List 4A, for goods on which duties take effect Sept. 1, includes tariff subheadings where China’s share of U.S. imports from the world is less than 75 percent for each subheading, said a USTR notice Wednesday soon to be published in the Federal Register. List 4B includes products where China’s share of U.S. imports from the world is 75 percent or greater for each subheading, said the notice.
Tariffs on goods in List 4B were deferred to Dec. 15 "to provide a longer adjustment period for U.S. interested persons," said USTR, without reference to how the holiday selling season may have factored into the decision, as President Donald Trump said it had factored in. “Just in case” some of the tariffs “might have an impact” on U.S. consumers, “what we’ve done is we’ve delayed it so that they won’t be relevant for the Christmas shopping season,” Trump told reporters Tuesday.
The heads of CTA and the National Retail Federation went on Fox Business News in separate segments Wednesday to seize upon Trump’s statement as his admission that it’s not the Chinese who pay the tariffs, but U.S. businesses and consumers. “The president listened,” said CTA President Gary Shapiro. “He realized that he was wrong about the fact that tariffs are actually taxes on consumers, and he’s acknowledged that it’s going to affect the holiday season.”
The Dec. 15 deferral was “not a great big gift to anybody,” said Shapiro.

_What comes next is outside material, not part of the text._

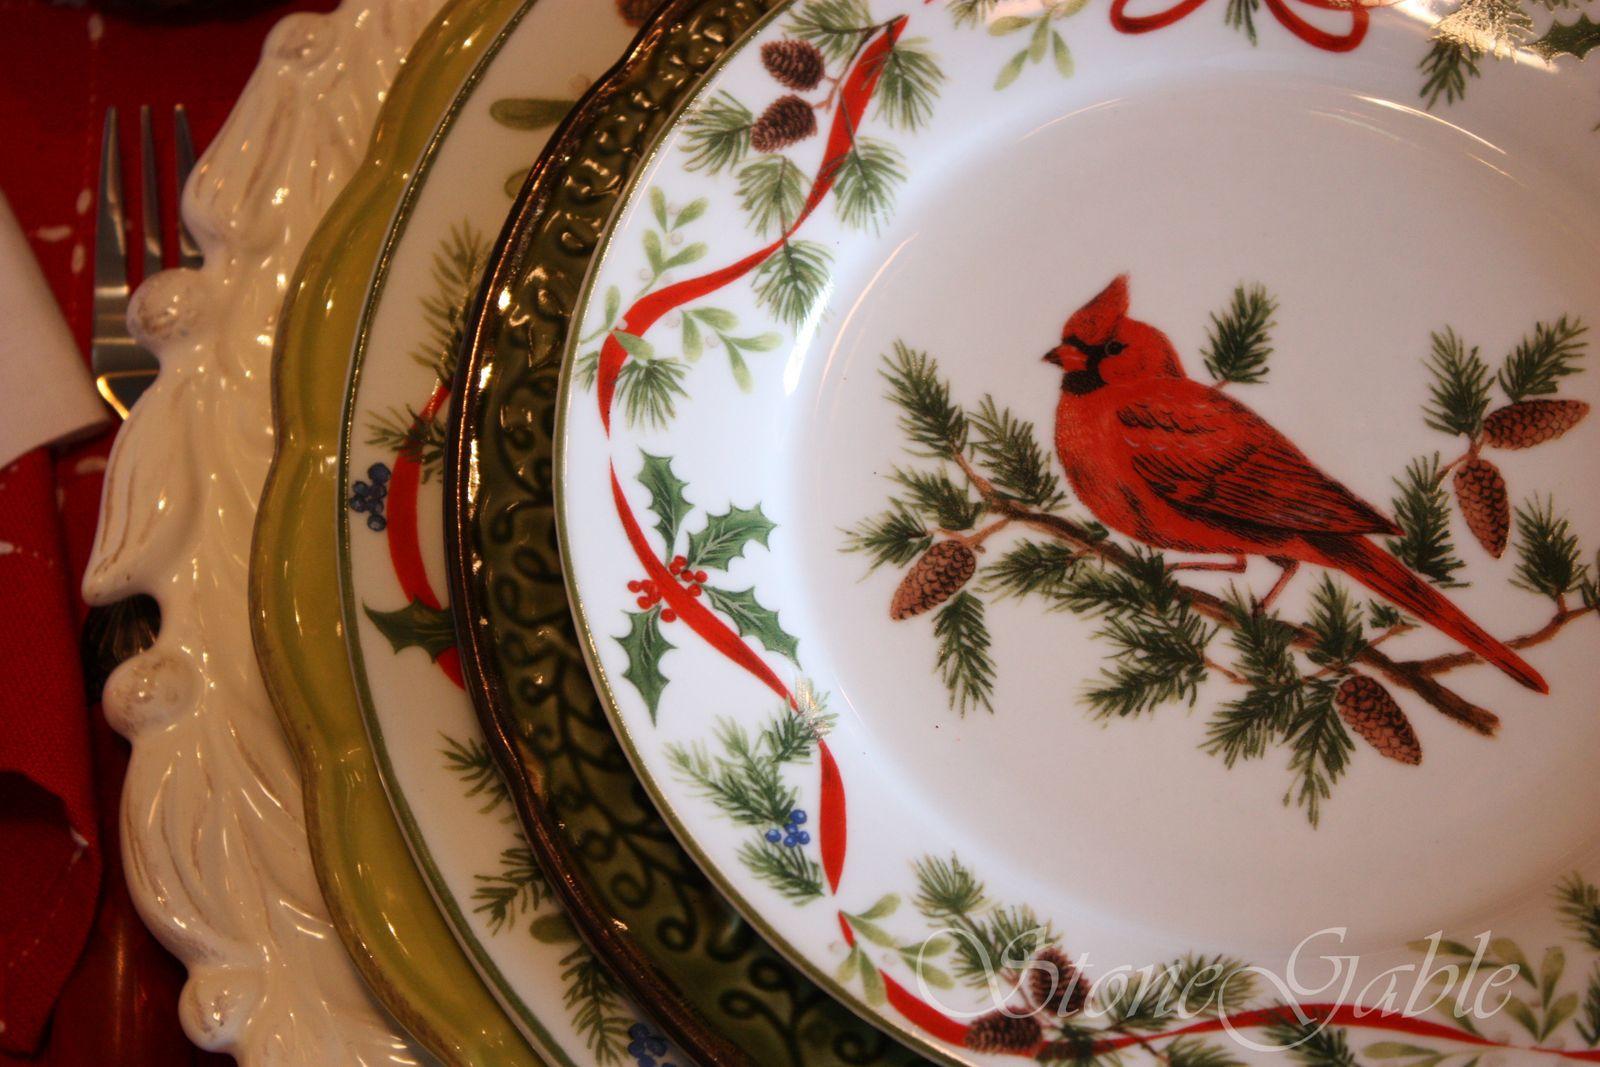 Christmas China Plates

The administration’s tariff’s policy “is sowing the seeds of consumer confusion,” he said. “It’s creating business uncertainty. It’s going to keep consumers out of retail. There is great concern in our industry and in other industries about where this is heading.”
NRF is “certainly very pleased to see the administration recognize that there is an impact on consumers, and so they’ve backed off on some of these tariffs that were due to go into effect,” said CEO Matthew Shay. “We remain concerned that there’s plenty of tariffs that remain in effect, and more going into effect on September 1.”
The List 4 tariffs involve “all consumer goods,” said Shay. “The administration avoided those goods from the beginning for a reason, because they know it’s going to drive costs up for consumers. That’s why they made them fourth. If they go there now, they know what’s going to happen and they admitted as much.”
In putting on the Dec. 15 deferral list those products where China controls 75 percent or more of U.S. imports, the administration is "recognizing that it may take U.S. companies longer to shift sources of supply" for those goods, blogged customs expert Ted Murphy with Baker & McKenzie Thursday. Smartphones, plus laptops and tablets, are products in which China's share clearly exceeds the 75 percent threshold, and so they made it onto the Dec. 15 deferral list, while TVs are well under the threshold and face Sept. 1 tariff exposure. USTR didn't respond to queries on the methodology used in setting the 75 percent benchmark.
China's share of U.S. smartphone imports last year was 79.3 percent in dollars, 79.5 percent in units, said Census Bureau 2018 statistics accessed Thursday through the International Trade Commission's DataWeb tool. China had 94.3 percent share of the laptop and tablet dollar imports last year, 91.4 percent of the units. TVs were a different story. Only 35.1 percent of the TV dollar imports to the U.S. were from China, which accounted for 55.6 percent of the TV units.